I sugeest doing something like sudo bash -c 'echo "core" > /proc/sys/kernel/core_pattern' on your machine so the core file can be produced.

tam512 commented 1 year ago

refer to eclipse openj9 issue https://github.com/eclipse-openj9/openj9/issues/18115

To get system core files for this defect, follow https://eclipse.dev/openj9/docs/xdump/#piped-system-dumps to pipe core dumps to the worker node using systemd-coredump

Notes that there are 2 known openshift issues when copying the core files to local mcahine: One is 1358 that prevent copying file with \. Two is error: unexpected EOF when copying directory so need to run use oc cp --retries=-1 .... For example: oc cp --retries=-1 worker0-xxx-debug:/host/var/lib/systemd/coredump/ coredump

ymanton commented 1 year ago

This is a bug in the JVM, specific to Power 10, and not related to InstantOn.

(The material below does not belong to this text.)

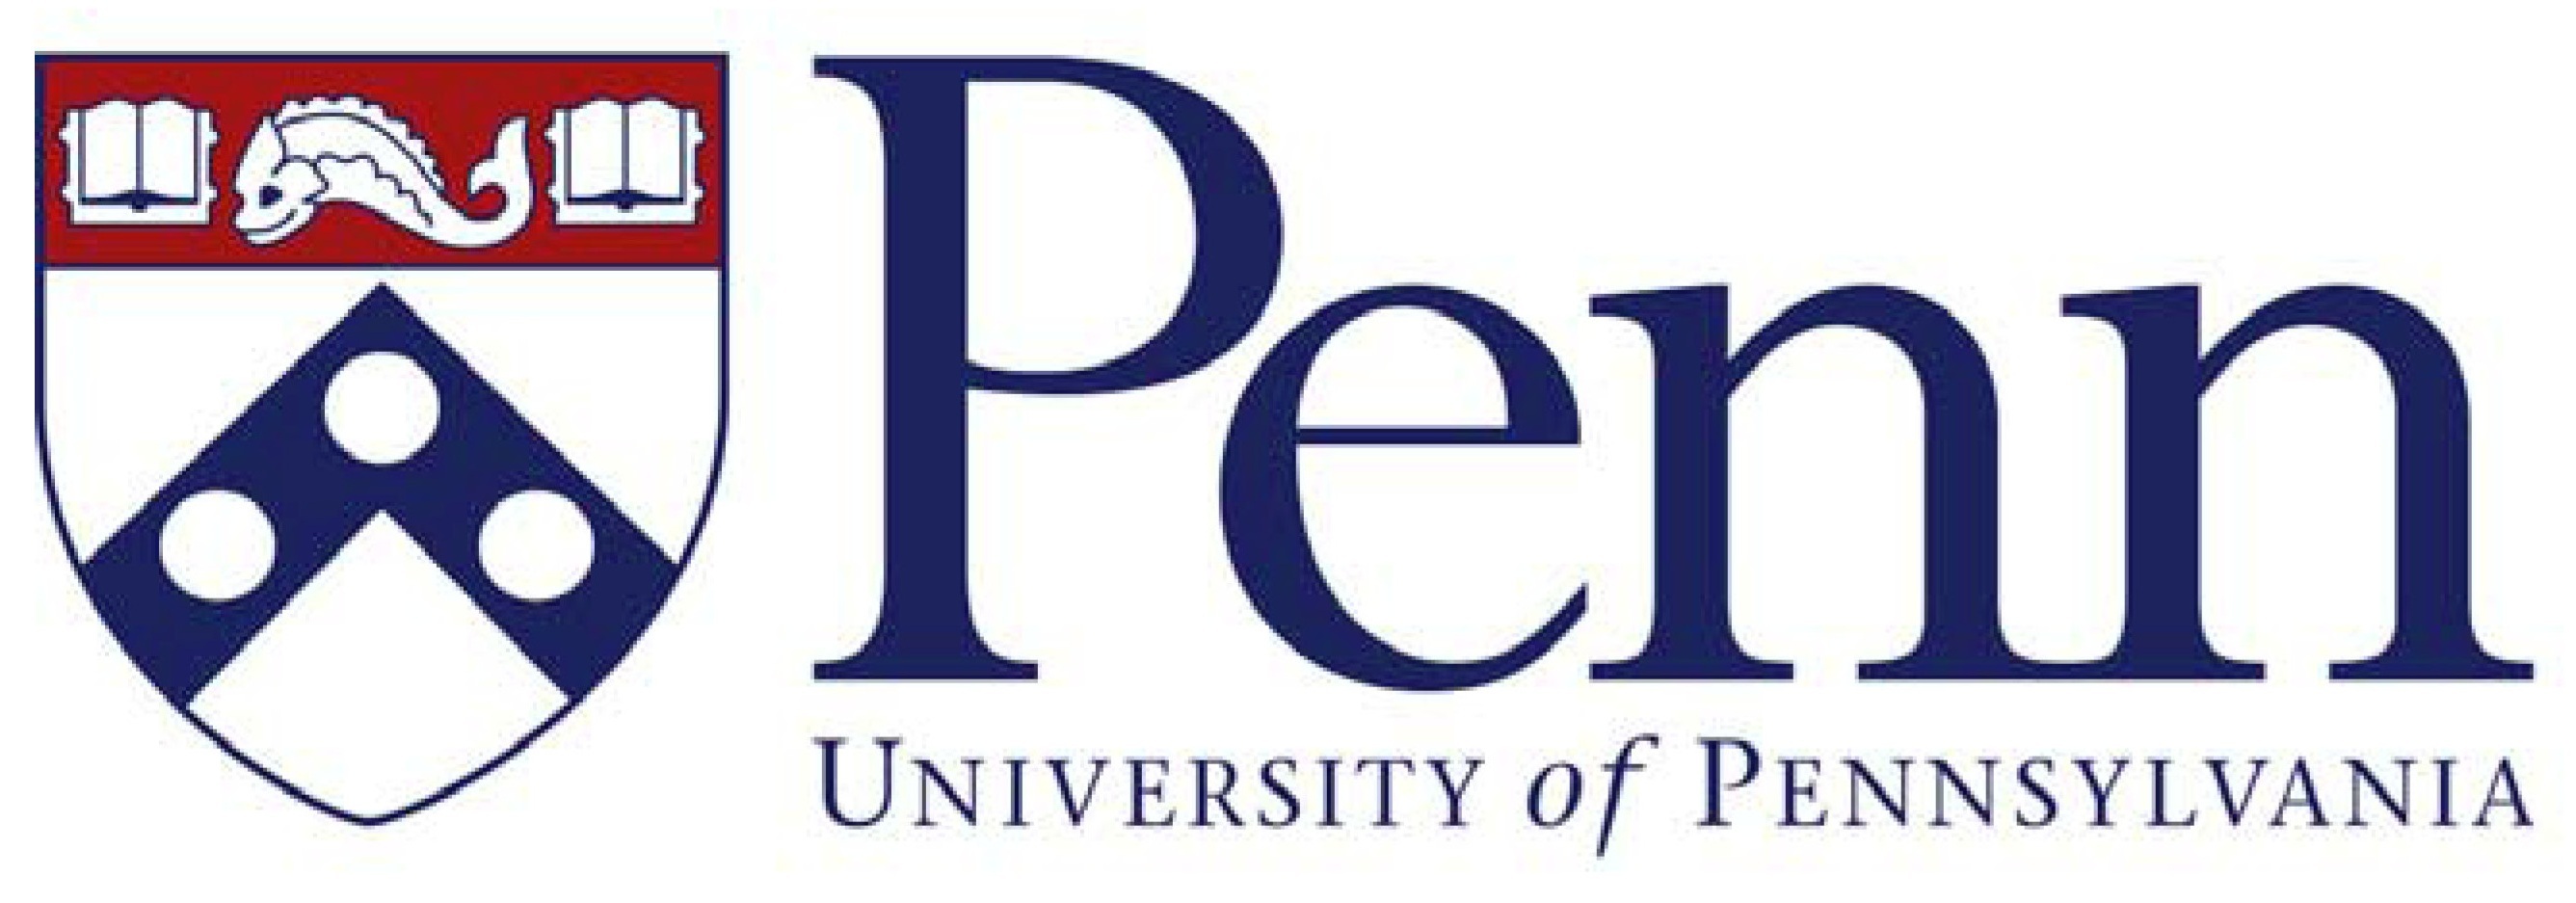 University Of Pennsylvania School Of Nursing Graduate Programs
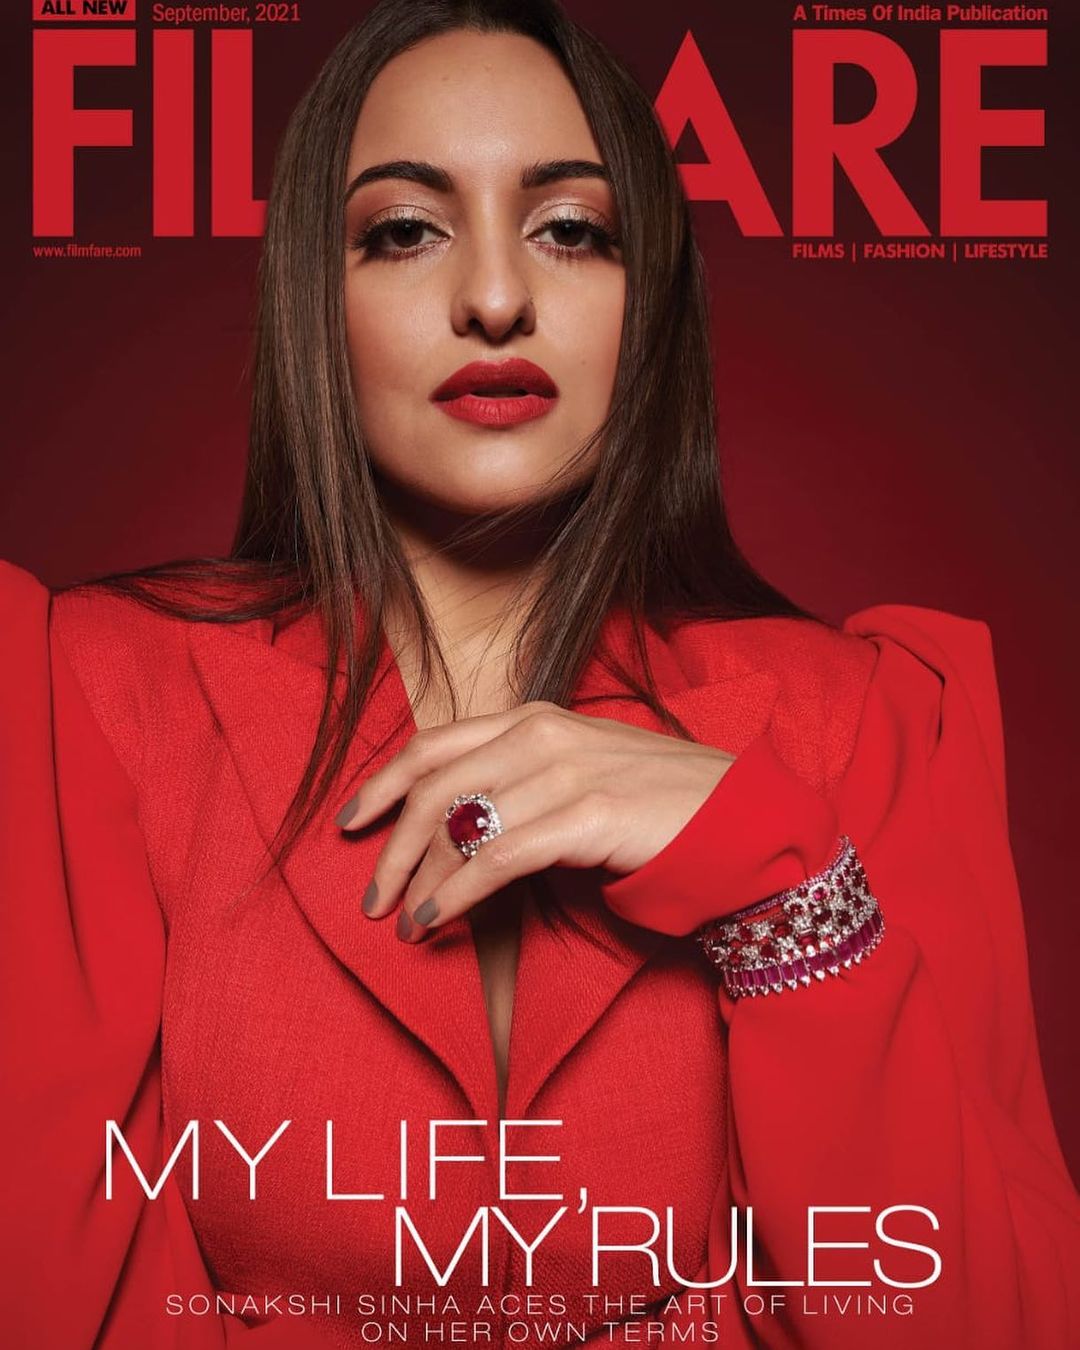 Sonakshi Sinha looks powerful in the red blazer.

vijaysun-omr commented 1 year ago

It seems a fix for this problem was merged into the Semeru development stream for their next release a few weeks back (there was a failure in a scenario unrelated to InstantOn). The next question would be how Liberty SVT plans to obtain a fixed Semeru build to verify that this works in the environment being tested.